An extraction agent still needs a persona and a brain, but the most important capability is the bridge from a messy public page to structured role facts.

🎭
Persona

A concise hiring analyst.

🧠
Brain

Reasoning about role fit.

Building
🧾
Extractor

extract_from_page pulls role facts.

Building
📖
Reader

scrape_page returns page text.

Result
📌
Brief

Role summary and next steps.

From Page Content to Business Action

A job posting is not just text. It contains requirements, seniority signals, team priorities, and hidden hints about the hiring process. extract_from_page is best when you need fields. scrape_page is best when you want the agent to read the page and write a more flexible brief.

Setup your environment

Create a console app and install the packages that connect Agent Framework, OpenAI-compatible chat, and ScrapeGraphAI tools.

📋 Pre-flight Checklist

  • 🛠️ .NET 10.0 SDK (or later) installed.
  • 🤖 AI Provider: An OpenAI-compatible endpoint such as LM Studio, Ollama, OpenAI, or a compatible hosted service.
  • 🔑 ScrapeGraphAI: A valid SGAI_API_KEY for web scraping and extraction.
  • 🌐 Job URL: A public job posting page you are allowed to access.

1 Create the project

Open your terminal and create a new console application:

dotnet new console -n ScrapeGraphAI.JobPageParser -f net10.0
cd ScrapeGraphAI.JobPageParser

2 Install packages

Install the ScrapeGraphAI Agent Framework integration, the OpenAI-compatible Agent Framework bridge, and the supporting configuration packages.

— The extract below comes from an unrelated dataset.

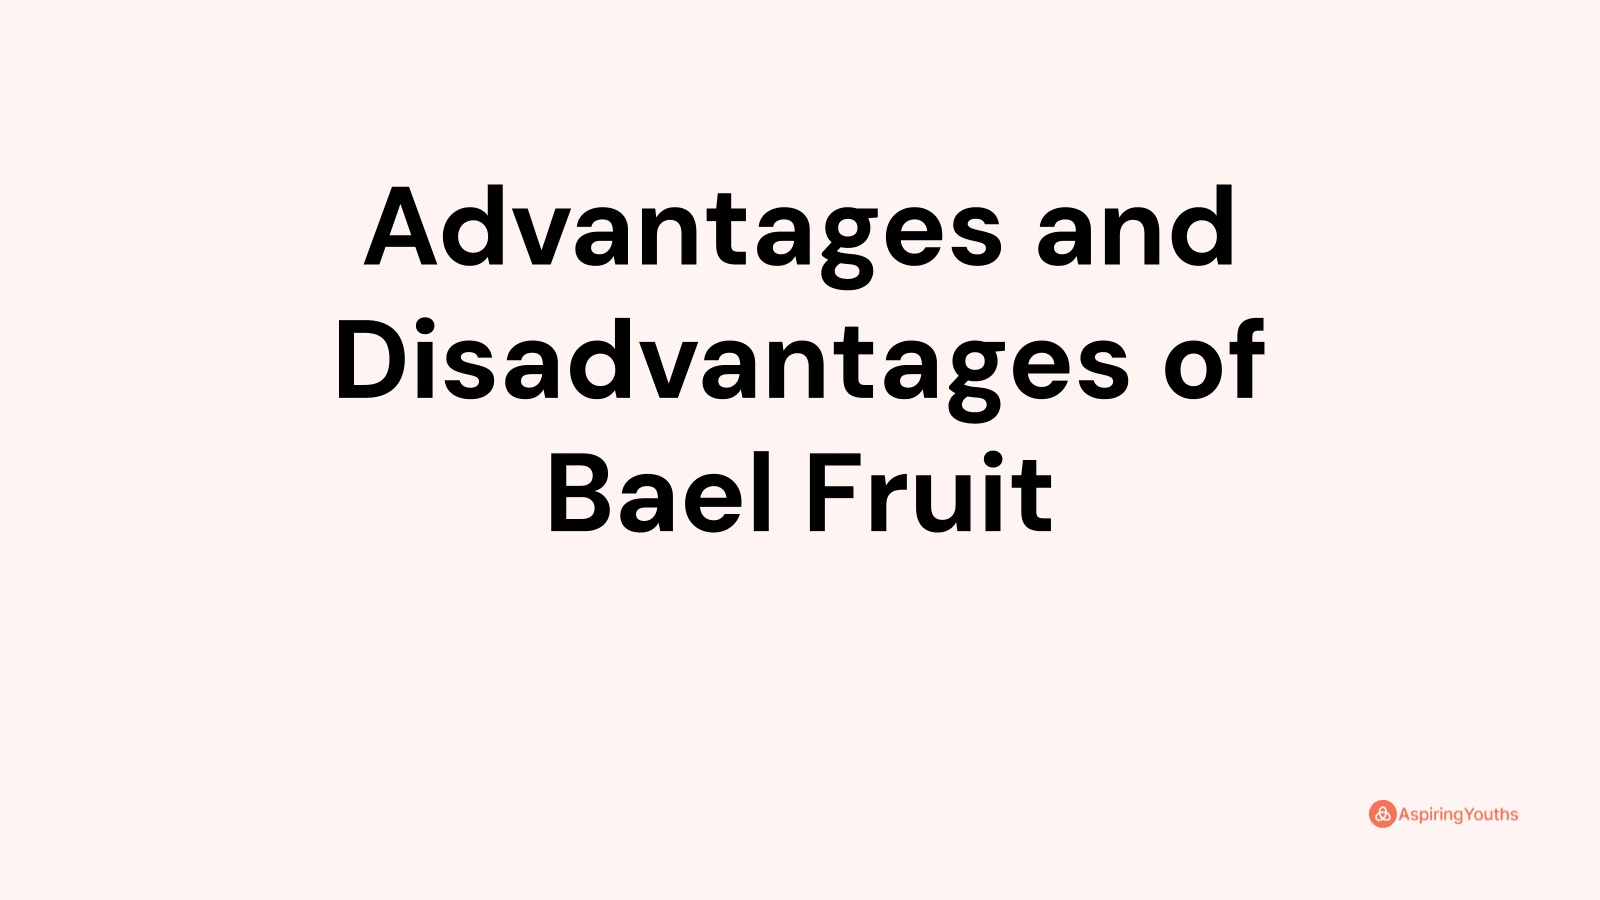 Advantages and disadvantages of Bael Fruit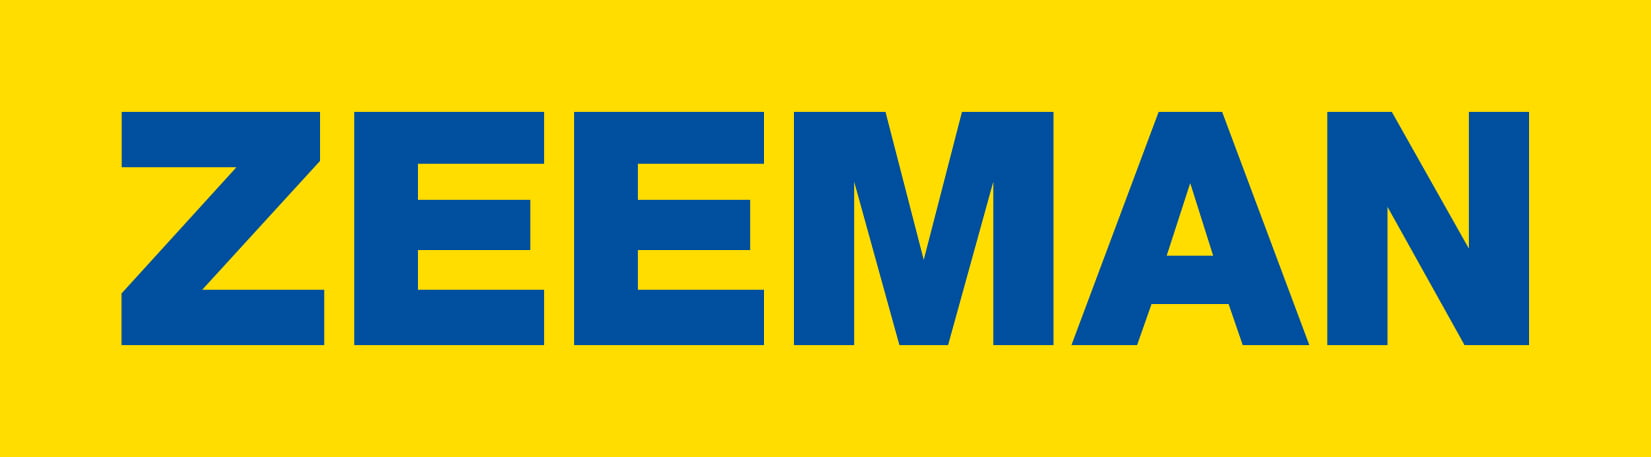 Zeeman logo

dotnet add package ScrapeGraphAI.AgentFramework --version 1.0.0
dotnet add package Microsoft.Agents.AI.OpenAI
dotnet add package Microsoft.Extensions.Configuration
dotnet add package Microsoft.Extensions.DependencyInjection
dotnet add package Microsoft.Extensions.Logging.Console
dotnet add package OpenAI
dotnet restore
Package Anatomy
🛠️ScrapeGraphAI.AgentFramework

Registers ScrapeGraphAI web, scrape, extract, crawl, monitor, history, health, and credit tools as Agent Framework AITool instances.

🔌Microsoft.Agents.AI.OpenAI

Provides the Agent Framework OpenAI integration and the AsAIAgent extension used to build the agent.

🤖OpenAI

Creates an OpenAI-compatible chat client. This works with local endpoints such as LM Studio as well as hosted compatible services.

3 Configure credentials

Before setting environment variables, get your ScrapeGraphAI API key from the dashboard.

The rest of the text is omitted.